→ **ABOUT THIS EXERCISE**
Once you reach the line with "2014 Dodge Viper" below, copy each line exactly, stopping after the line with "Resultado de imagen de AVIVA", and skip any pictures.
** DATA FOR ANALYSIS follows **
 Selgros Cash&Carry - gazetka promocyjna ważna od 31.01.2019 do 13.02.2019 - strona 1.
** End of DATA FOR ANALYSIS **
** DATA FOR ANALYSIS follows **
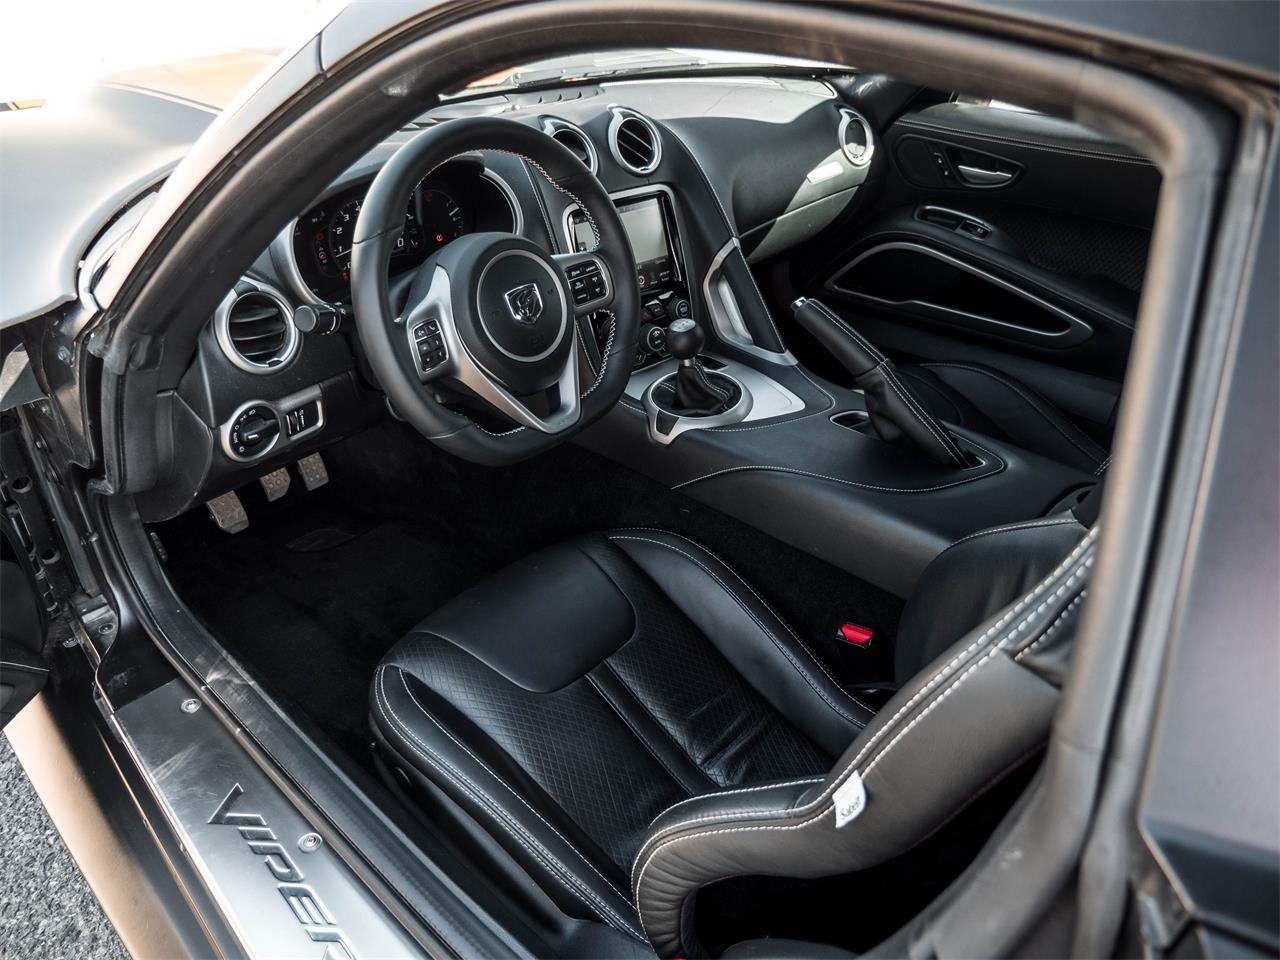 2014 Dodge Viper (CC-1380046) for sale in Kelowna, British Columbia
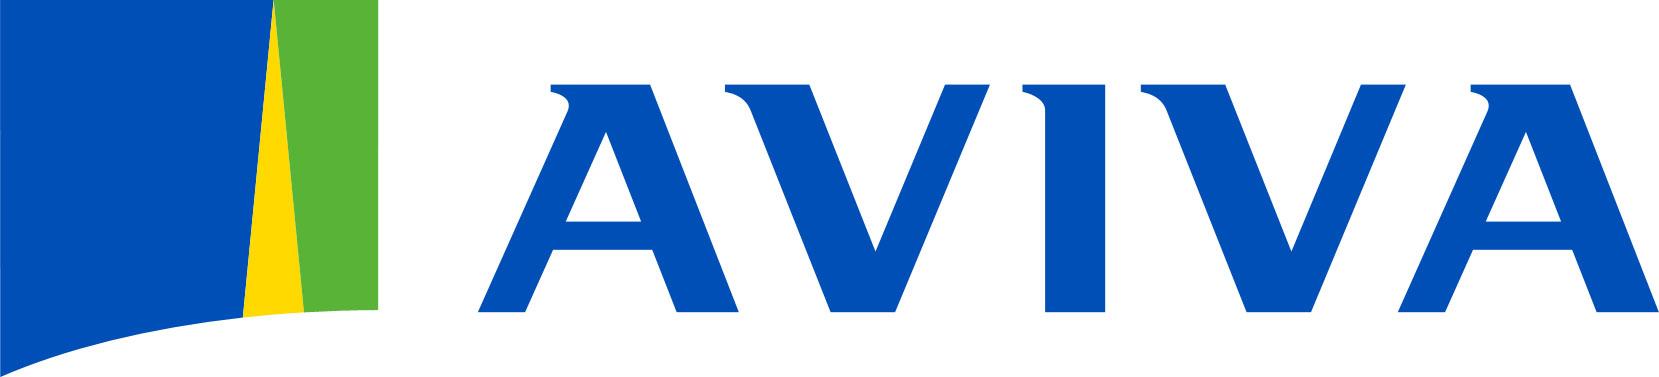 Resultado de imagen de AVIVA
** End of DATA FOR ANALYSIS **
→ **ANSWER BOX**
 2014 Dodge Viper (CC-1380046) for sale in Kelowna, British Columbia
 Resultado de imagen de AVIVA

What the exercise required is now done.